Yesterday marked the beginning of what in normal times is Spain’s biggest holiday, Semana Santa — Holy Week — as well as what might, maybe, could be the second half of our lockdown. For what feels like weeks but really has only been days we’ve been told we’re approaching the peak. How long can one approach a peak before they finally reach it? This is a long slog, perilously steep, and even before we were locked in our houses we were deconditioned for work of this sort. But now they say, hopefully, that Spain’s cases seem to be reaching the plateau before the descent. For the first time since this all began, El Pais ran a story yesterday positing what life might look like as restrictions ease. In the article, José María Martin Moreno, professor of Medicine and Public Health at the University of Valencia, said
(I have hope that we will go to the beach and I am convinced that we will have grand opportunities to live life with affection and intensity…)
Eons ago, around March 1, I started planning a Semana Santa trip that would wind through some the pueblas blancas of Spain and end in Cádiz, all clear, scouring light, white walls, and tumbling riots of pink bougainvillea.
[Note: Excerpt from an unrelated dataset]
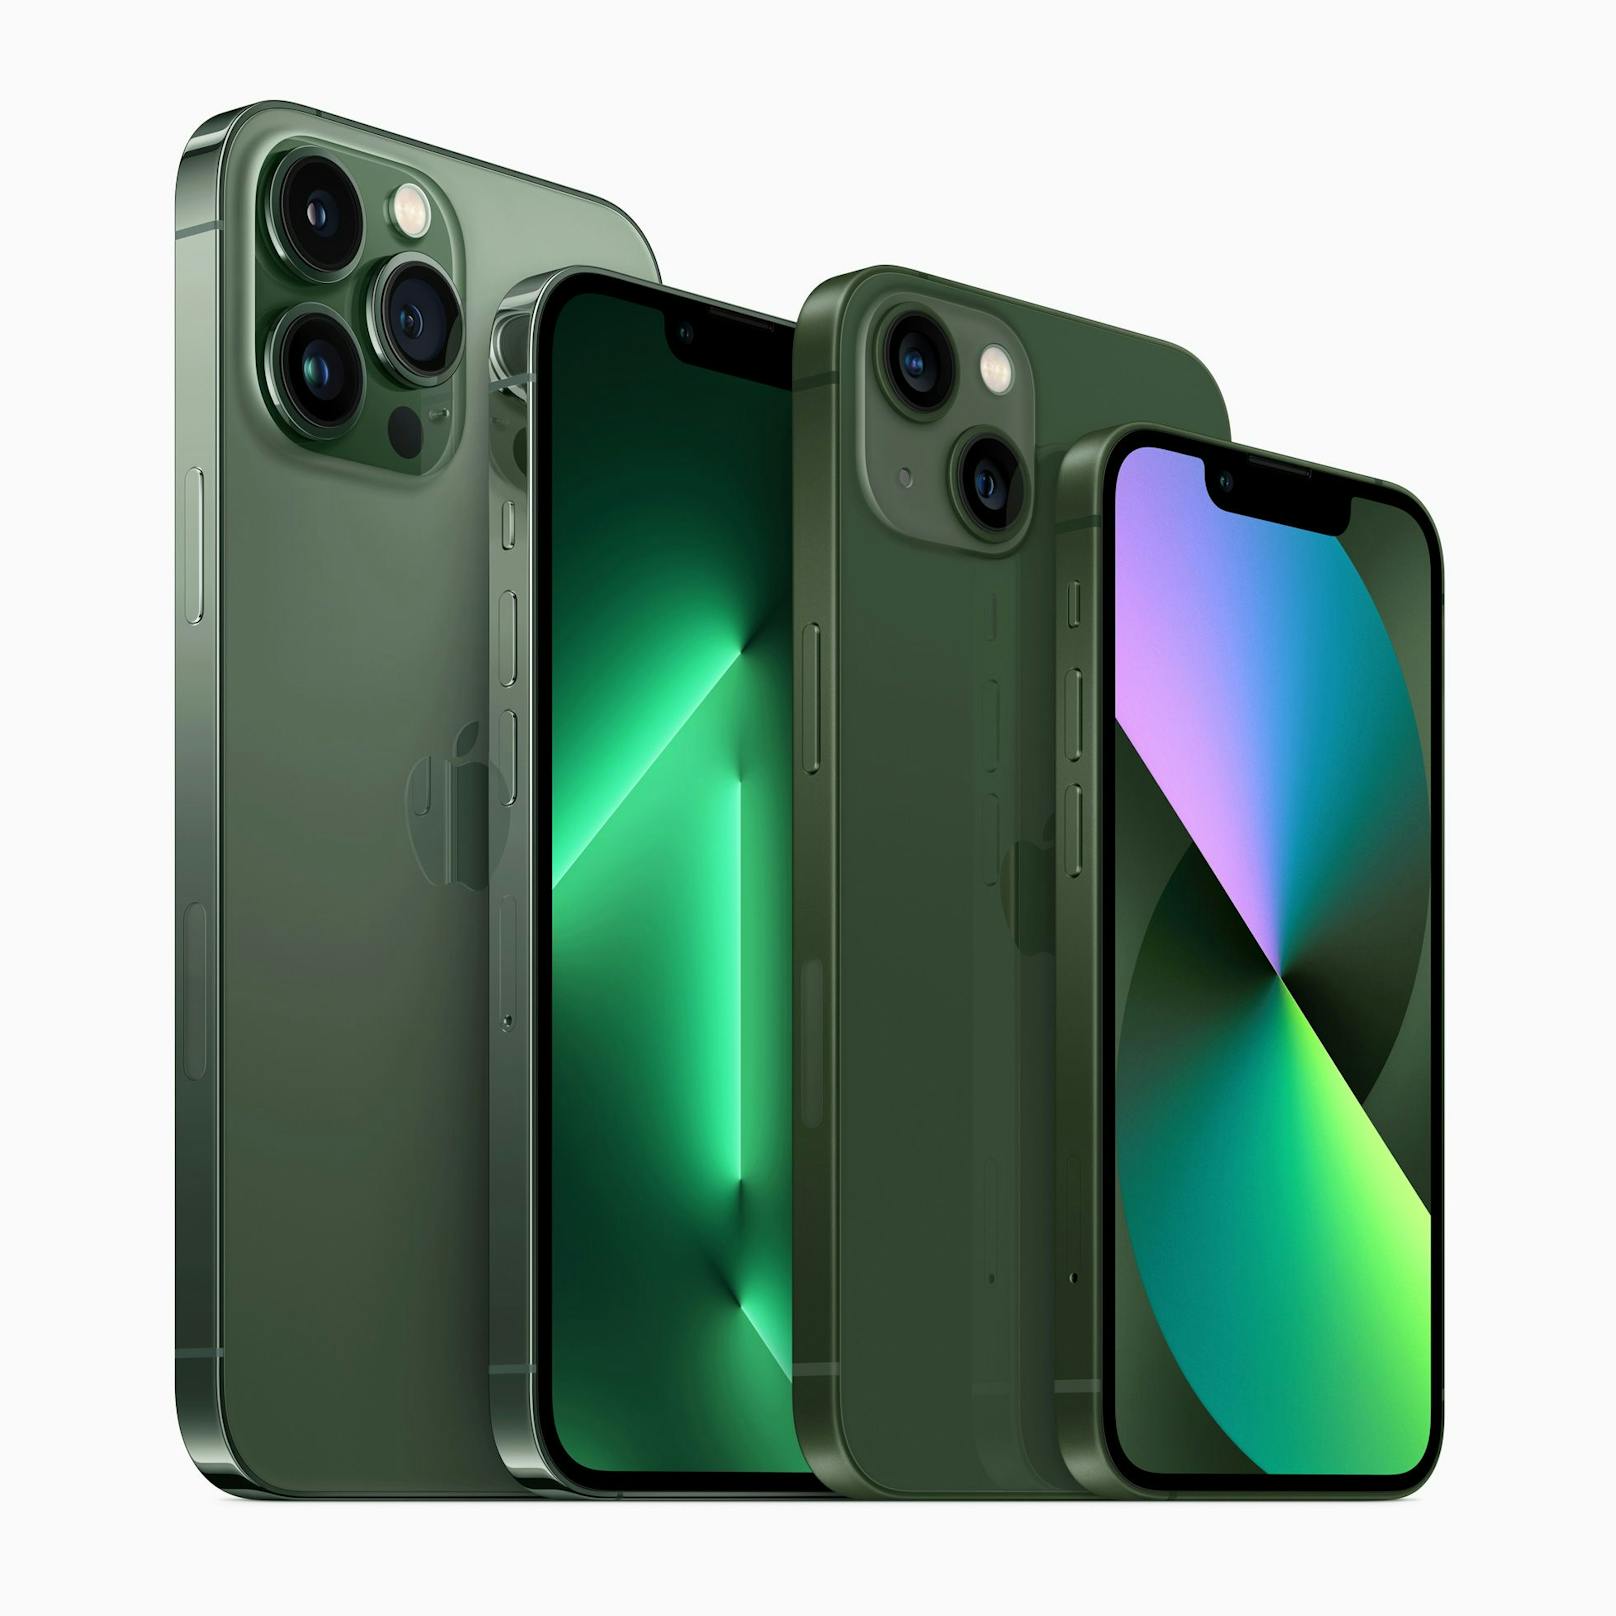 Das iPhone 13 gibt es zudem bald in neuen Farben, nämlich das iPhone 13 Pro in Alpingrün (ab 1.149 Euro) und das iPhone 13 in Grün (ab 799 Euro).

How naive this seems, now, just a month later! What on earth was I thinking? Why could we not read the tea leaves spread out before us? Why is it always, always human nature, to not truly feel things, until they butt hard up against you, until they knock the wind out of you?
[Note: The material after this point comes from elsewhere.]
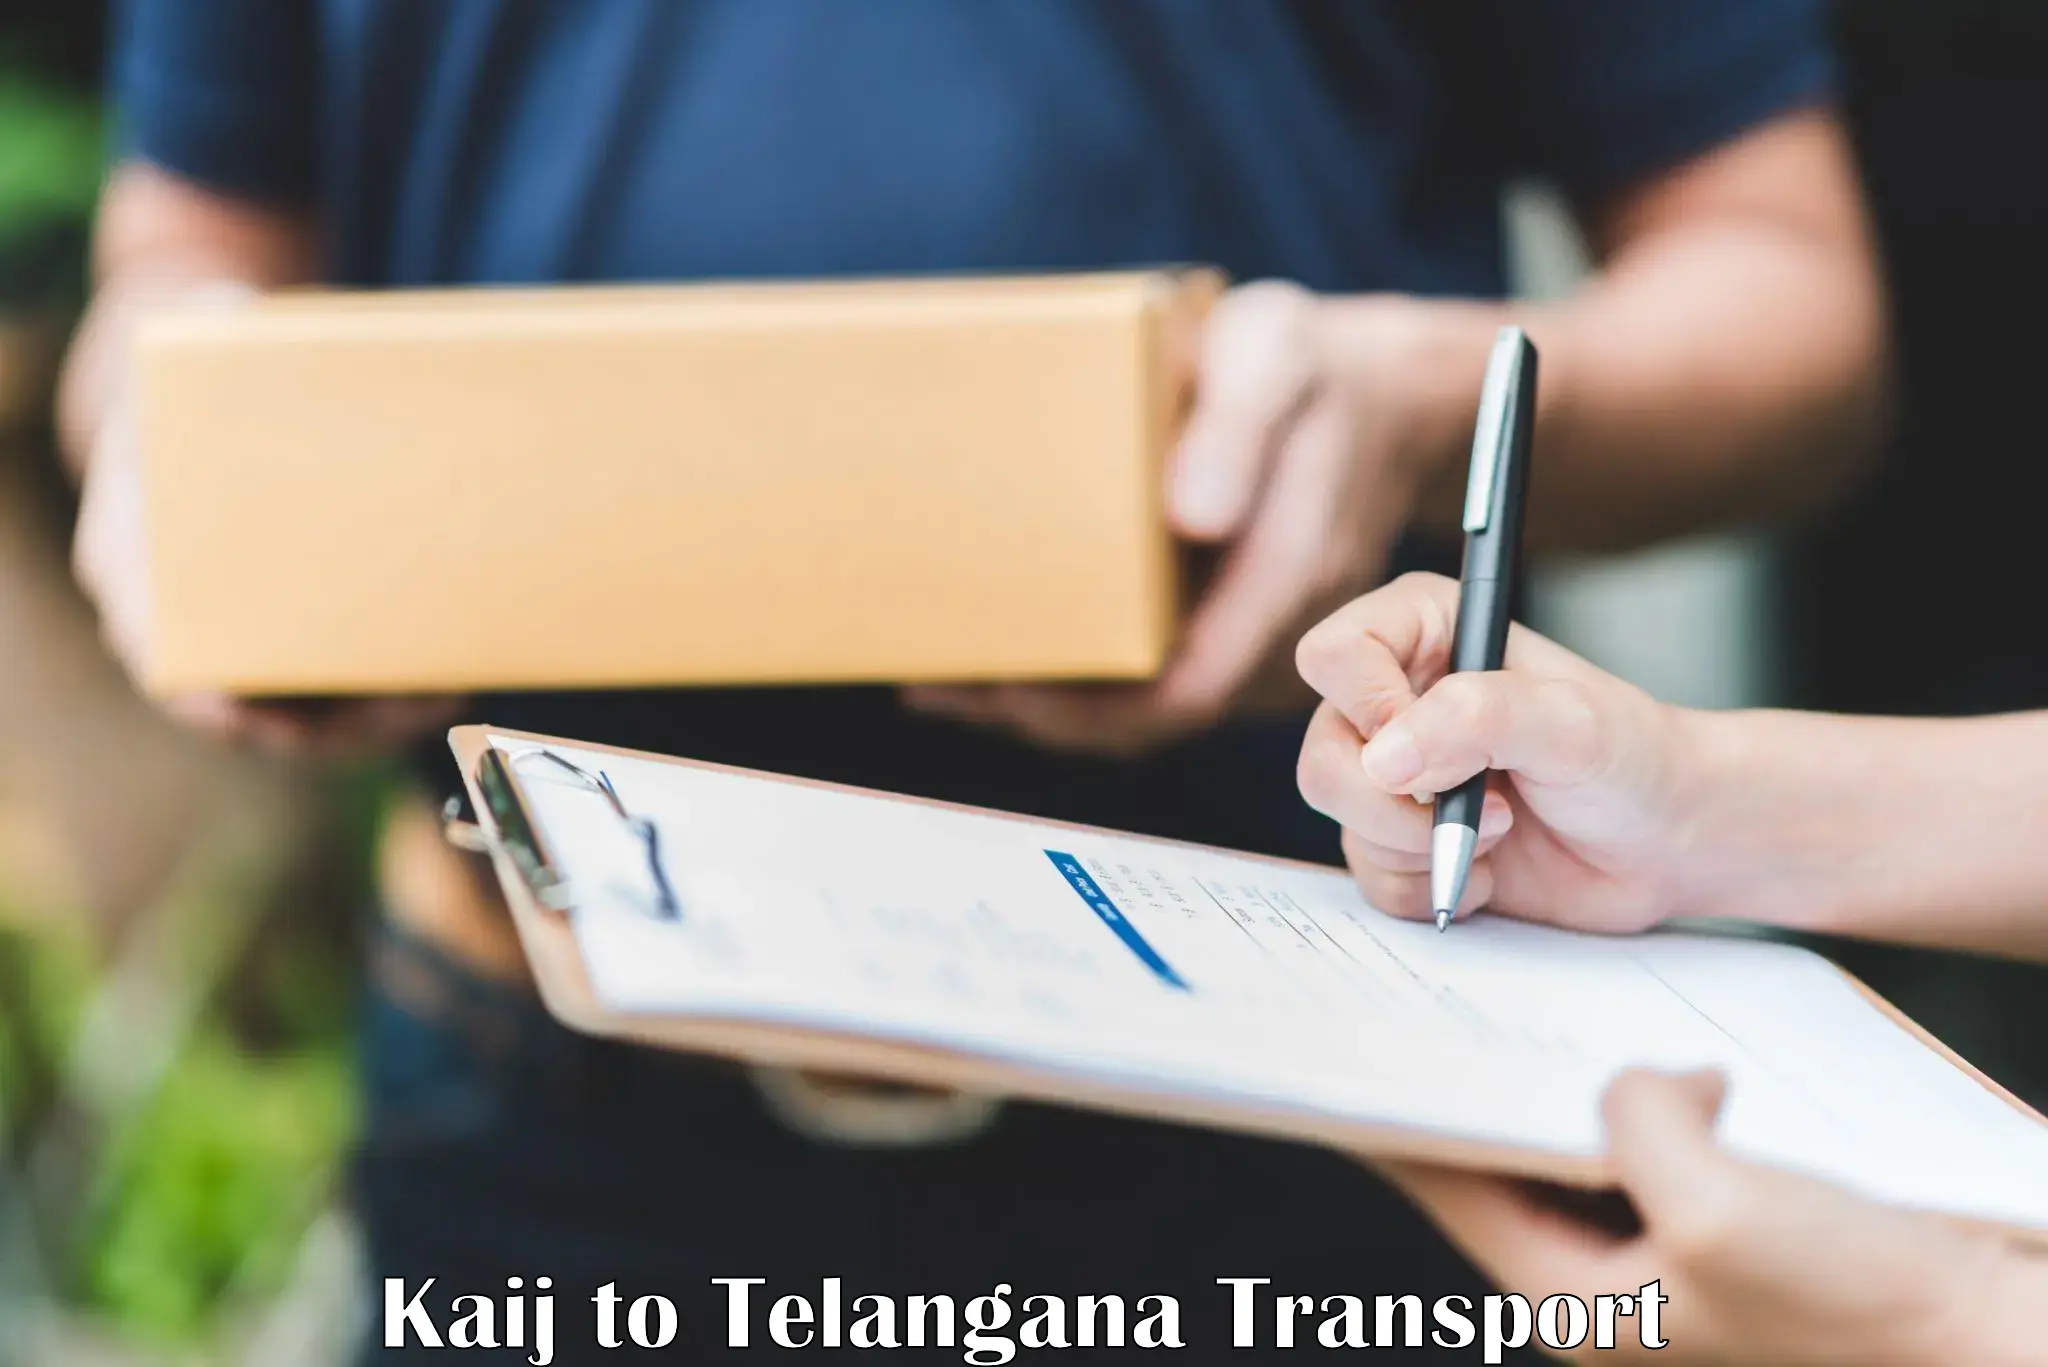 Daily transport service Kaij to Chegunta

There’s a poem circulating in these Corona-days, the gist of which is: we’ll stay home, we’ll learn something and then we’ll be better people. I’m cynical enough by nature that this feels a little like a panacea, a sop. I’m afraid the higher likelihood is that humanity will behave like the abusive spouse it usually is: when it realizes its partner, packing a suitcase, is really leaving this time, it always promises to change its ways. When the partner relents and stays, it’s back to business as usual. It’s very hard for leopards to change their spots.
But maybe, maybe, if we work hard enough, when this is over, taking a two-hour walk can be vacation enough. Sitting at the cafe on the corner, nursing a coffee, can be a heady experience. And it will be glorious, to walk down the sidewalk, to live life with affection and intensity, and be able to see the faces, the smiles, of each person walking toward you.